Fig. 2: Overarching analysis of screening data.

We performed MPRA in the MM plasma cell lines L363 and MOLP8. a Variant log2 scores for the L363 and MOLP8 screens. For each variant, log2 reflects the transcriptional activity of the alternative relative to the reference allele. Scores were calculated based on barcode activity estimates in all six genomic contexts (i.e., across both strands and all three sliding windows) and three replicates per cell line. Variants with strong effects (absolute log2 score >0.2) in either screen are indicated in red. Pearson r and two-sided P values are shown. b Calculating log2 scores using either positive-strand (x-axis) or negative-strand constructs (y-axis) for the same variant, we did not observe strand bias. cAs an additional assay validation step, we carried out luciferase experiments for 20 variants, showing a significant positive correlation between the MPRA effect (x-axis) and the luciferase effect (y-axis). d g-chromVAR analysis of screened variants, weighted by their L363 log2 scores showed enrichment of variants with strong MPRA scores in genomic regions with accessible chromatin in plasma cells, consistent with our assay selecting variants with endogenous regulatory activity. eNumbers of significant variants with FDR <5% in the two cell lines. f Numbers of variants showing both FDR <5% and strong effects (absolute log2 score >0.2).

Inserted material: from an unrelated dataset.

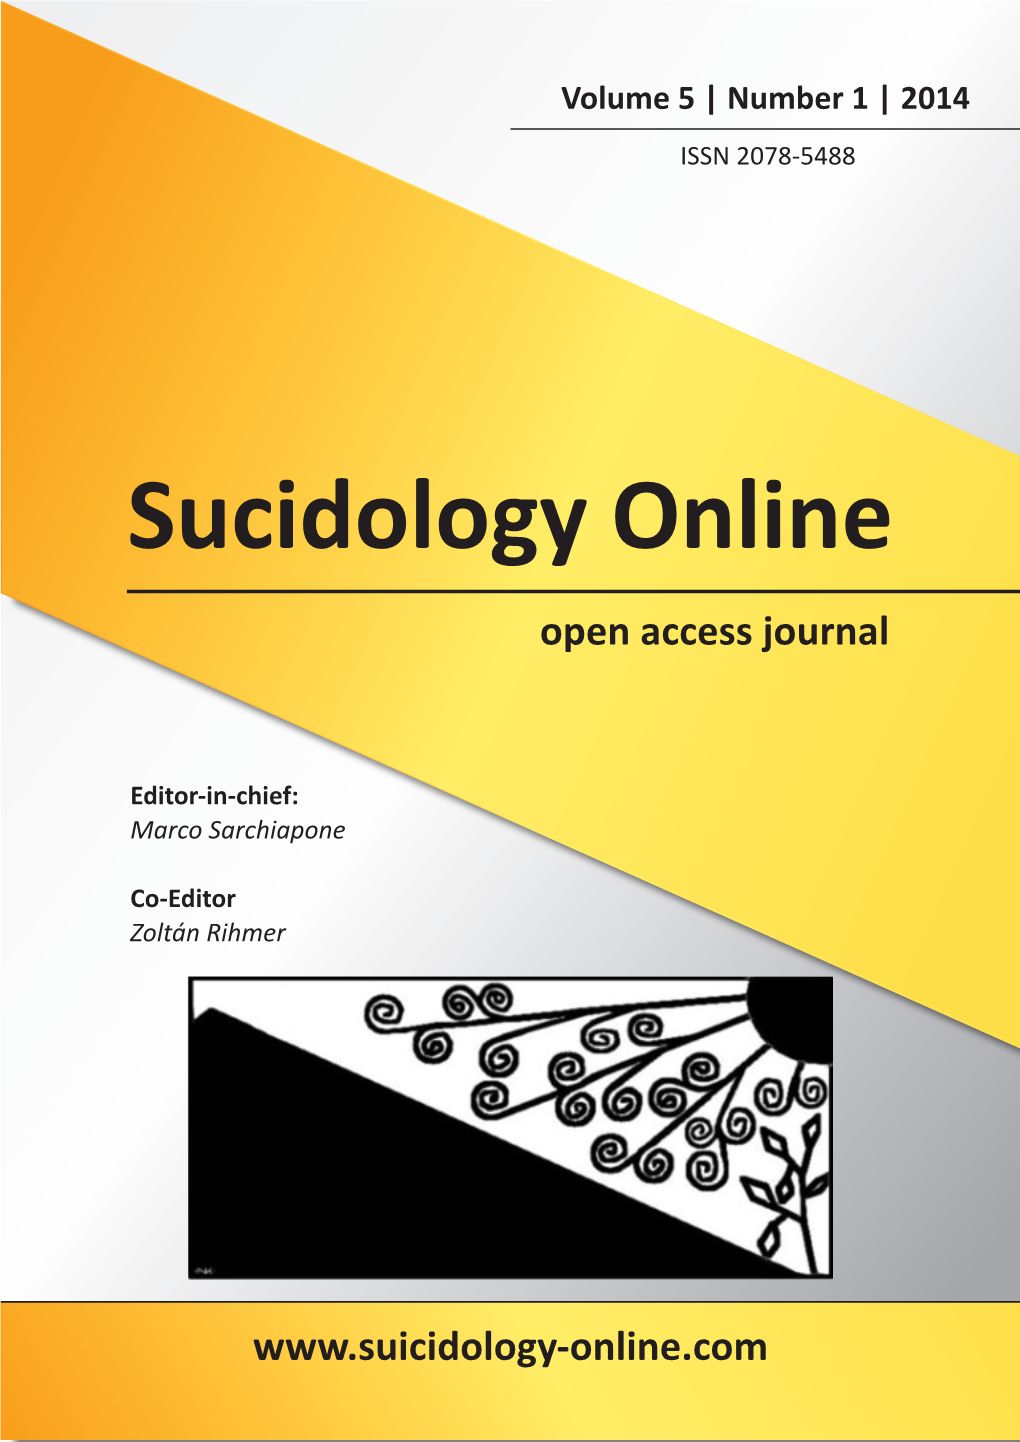 Sucidology Online Open Access Journal

In L363, 142 variants were significant (FDR <5%), including 33 with strong effects (absolute log2 score >0.2). In MOLP8, 28 were significant, including 21with strong effects (Fig. 2e, f and Supplementary Data 1). The higher number of significant variants in L363, compared to MOLP8, cells was congruent with a higher transfection efficiency (54% for L363 versus 15% for MOLP8) and higher post-transfection viability (90% for L363 versus 65% for MOLP8). In total, 23 variants were significant in both screens, and eight of these showed concordant plasma cell cis-eQTLs, making them putative causal variants that were selected for follow-up (Table 1, Fig. 3, and Supplementary Figs. 4, 6). The other 15 had discordant or no plasma cell cis-eQTLs, either because of technical limitations (e.g., TERC was not in our eQTL data; the JARID2 and RUNX3 variants are rare), or because these alter gene expression in another cell state (e.g., TNFRSF13B is primarily expressed in switch-memory B-cells33 and had a cis-eQTL in total mature B-cells; Supplementary Table 4).

Table 1 Variants showing FDR <5% in both L363 and MOLP8 cells, with MM risk alleles underlined.
Fig. 3: MPRA data for identified variants.

Individual MPRA barcode activity estimates for the eight variants in Table 1 also showed concordant plasma cell cis-eQTLs. The data have been grouped by allele (reference allele to the left; an alternative to the right), DNA strand (+ or −), and sliding window (variant at −20, 0, or +20 bp from the center of the 120-bp oligonucleotide representing the genomic context). Blue dots represent individual barcode activity estimates. The bottom, middle, and top of each box plot represent the 25th, 50th, and 75th percentiles. The whiskers represent the non-outlier minimum and maximum values, located at 1.5 times the interquartile range from the bottom and top of the box, respectively. The numbers by the brackets are P values for the two-sided Student’s t-test. The luciferase validation data for these eight variants are shown in Supplementary Fig. 4. The individual barcode activity estimates for MOLP8 cells, as well as individual barcode activity estimates for the other variants in Table 1, are shown in Supplementary Fig. 6.

Functional characterization of MPRA-functional variants

We next investigated potential mechanisms of action for the selected variants. rs78740585 maps to SMARCD3 (Fig. 4a). In humans, SMARCD1, SMARCD2, and SMARCD3 encode alternative, mutually exclusive 60-kD subunits of the SWI/SNF nucleosome remodeling complex34,35,36. Incorporation of either SMARCD subunit variant into the complex influences its activity37. In blood, SMARCD3 is primarily expressed in granulocytes and monocytes whereas basal expression in plasma cells is very low; instead these cells exhibit high expression of SMARCD1 and SMARCD2 (Fig. 5a). By contrast, the MM risk allele associates with upregulation of SMARCD3 in plasma cells (Supplementary Tables 2 to 4). rs78740585-A creates a binding site for IRF4 (Fig. 5b, c, Supplementary Fig. 7, and Supplementary Data 2), a key plasma cell transcription factor essential for the survival of MM cells38. Knockdown of IRF4 attenuated rs78740585-A luciferase activity (Fig. 5d, e). Furthermore, analysis of promoter-capture Hi-C (PCHi-C) data for three MM plasma cell lines showed a chromatin looping interaction between the rs78740585 region and the SMARCD3 promoter (Fig. 4a and Supplementary Fig. 8a). Collectively, these data are consistent with rs78740585-A effecting ectopic SMARCD3 expression in plasma cells by introducing a new IRF4 site into an enhancer, In theory, increased levels of SMARCD3 protein could lead to the displacement of SMARCD1 and SMARCD2 in the SWI/SNF complex through stoichiometric competition, potentially impacting on SWI/SNF-dependent gene expression.

Fig. 4: Genomic context of identified putative causal variants.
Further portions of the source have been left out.